What this task involves —
Retype exactly the lines from the one that contains "All you have" through the end of the listing, both included, but not the pictures.

The data —
▼

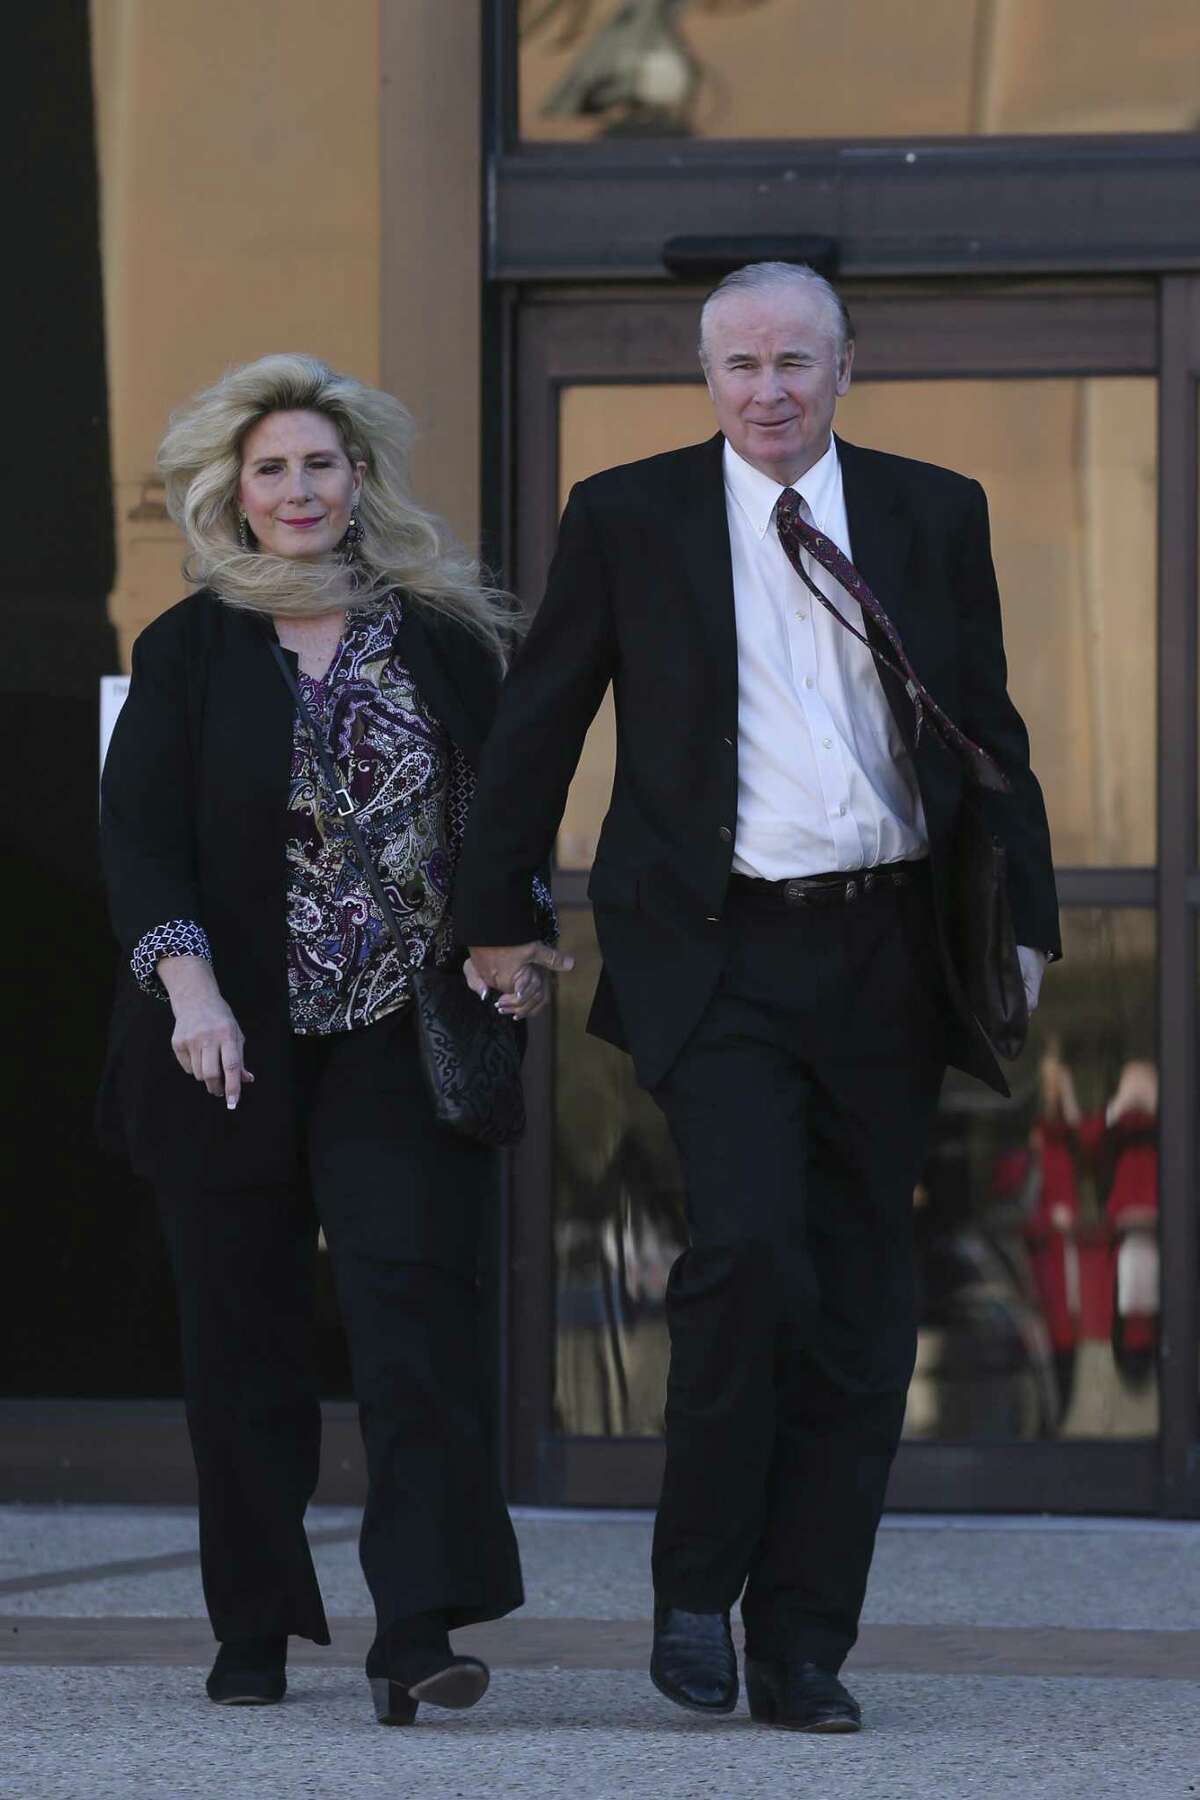 Prosecution witnesses Richard and Sharlene Thum leave the John H. Woods Jr. U.S. Courthouse during a Monday lunch break in the criminal fraud trial of state Sen. Carlos Uresti and his co-defendant, Gary Cain. The Thums had invested with FourWinds Logistics, a bankrupt frac-sand company accused defrauding investors.
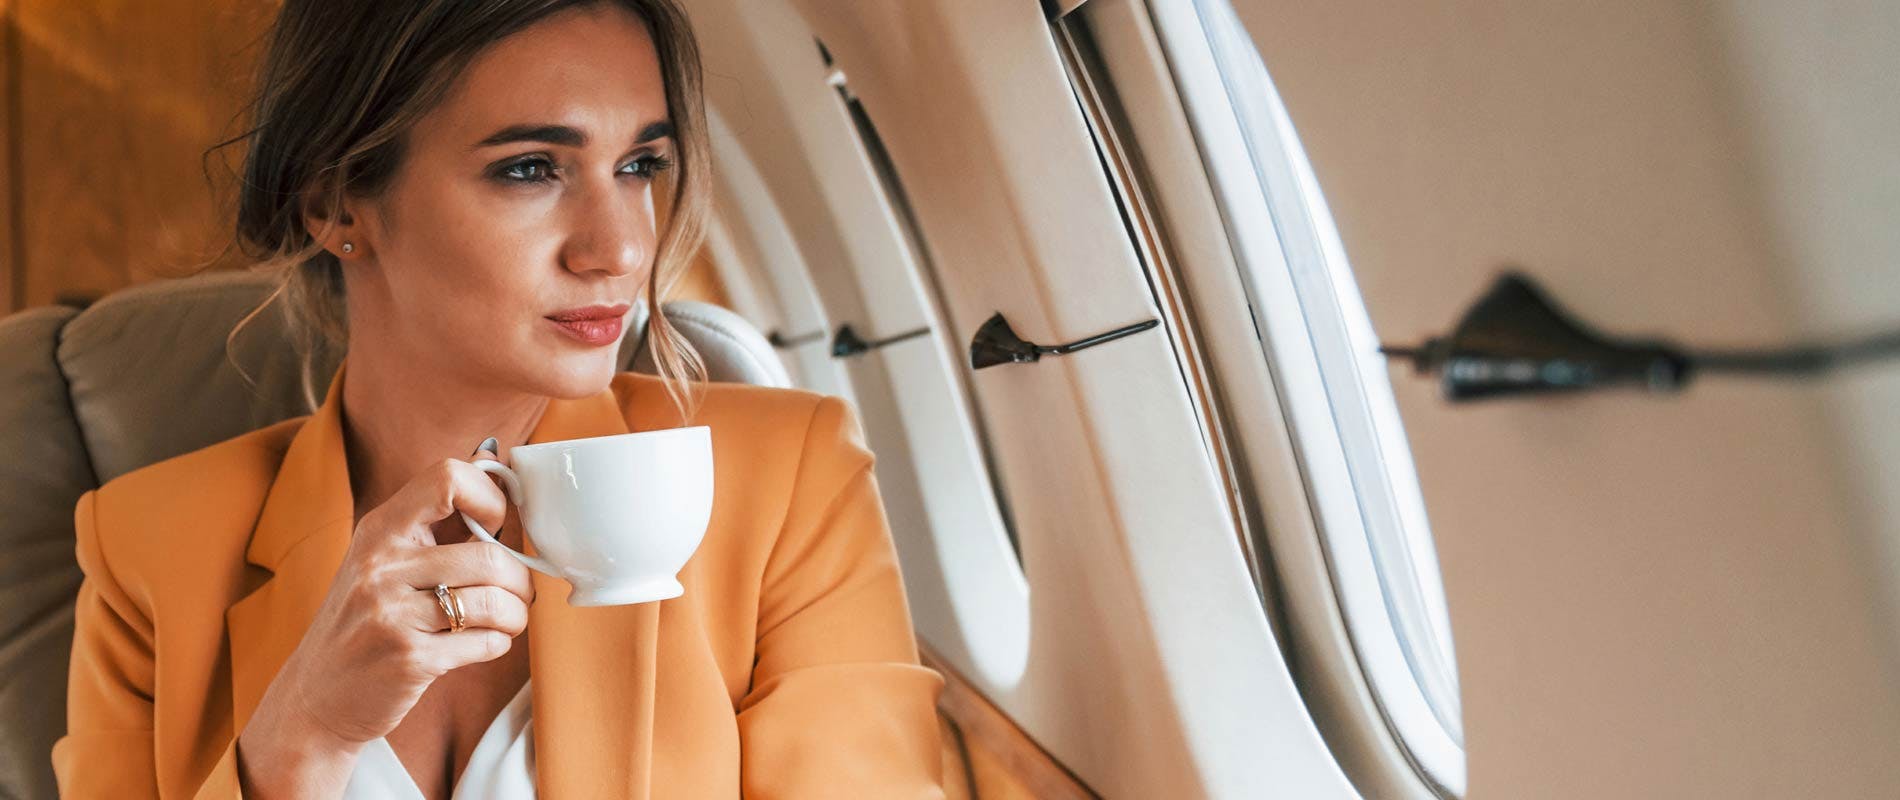 All you have to do on a charter flight is sit back, relax, and enjoy the ride!
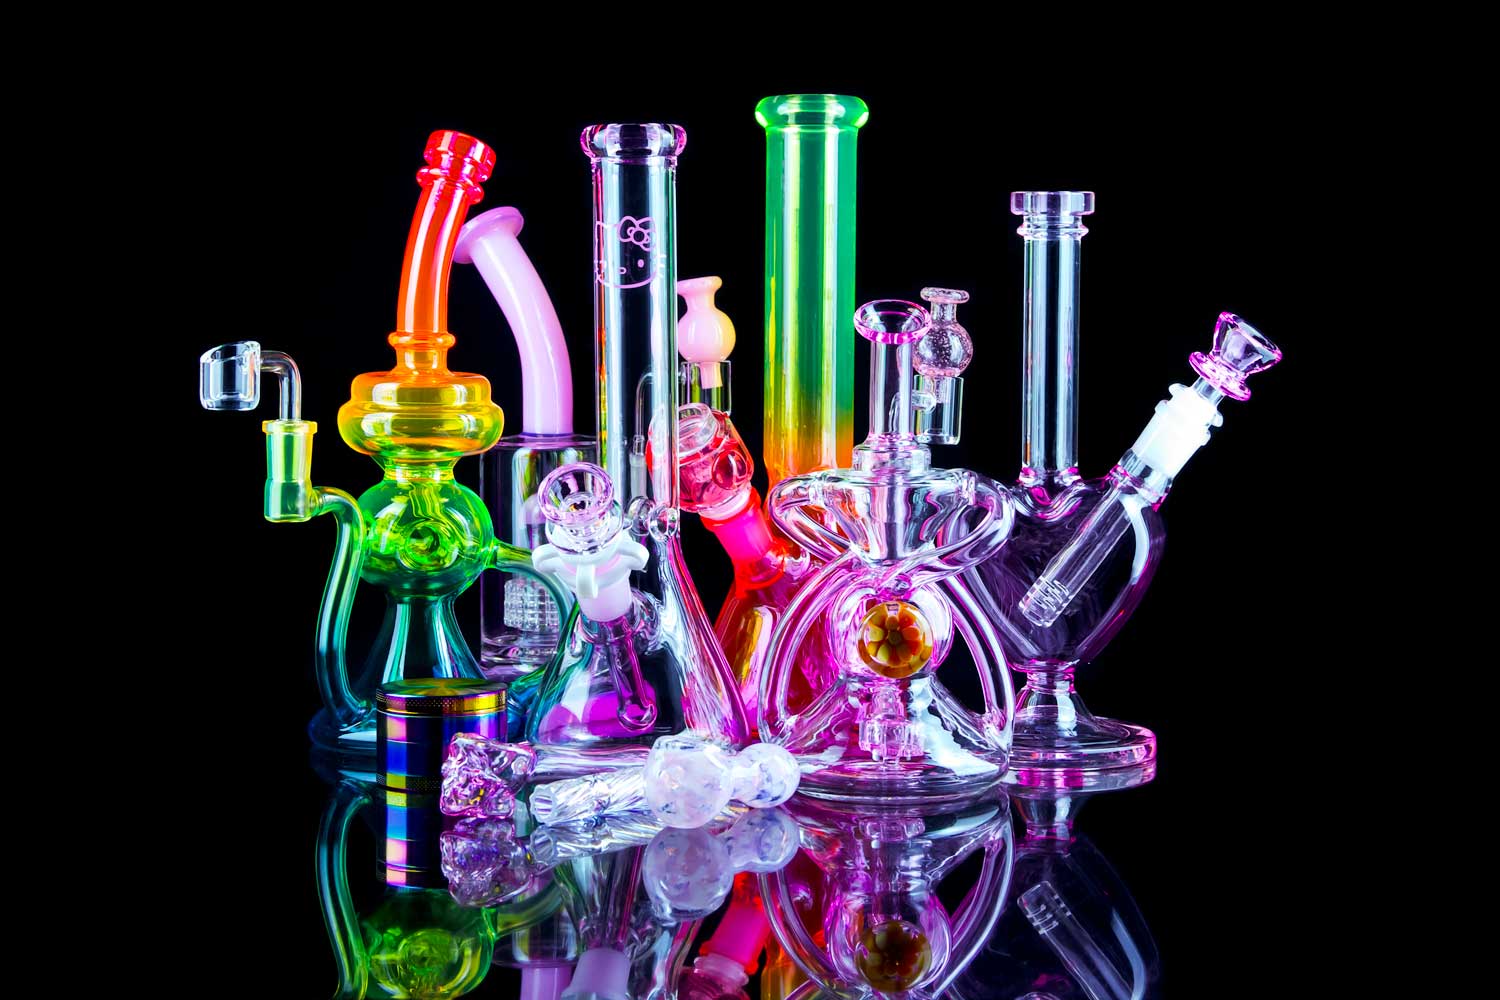 pink bongs dab rigs pipes grinders and bong bowls collection with reflection on glass

▲

Your response —
 All you have to do on a charter flight is sit back, relax, and enjoy the ride!
 pink bongs dab rigs pipes grinders and bong bowls collection with reflection on glass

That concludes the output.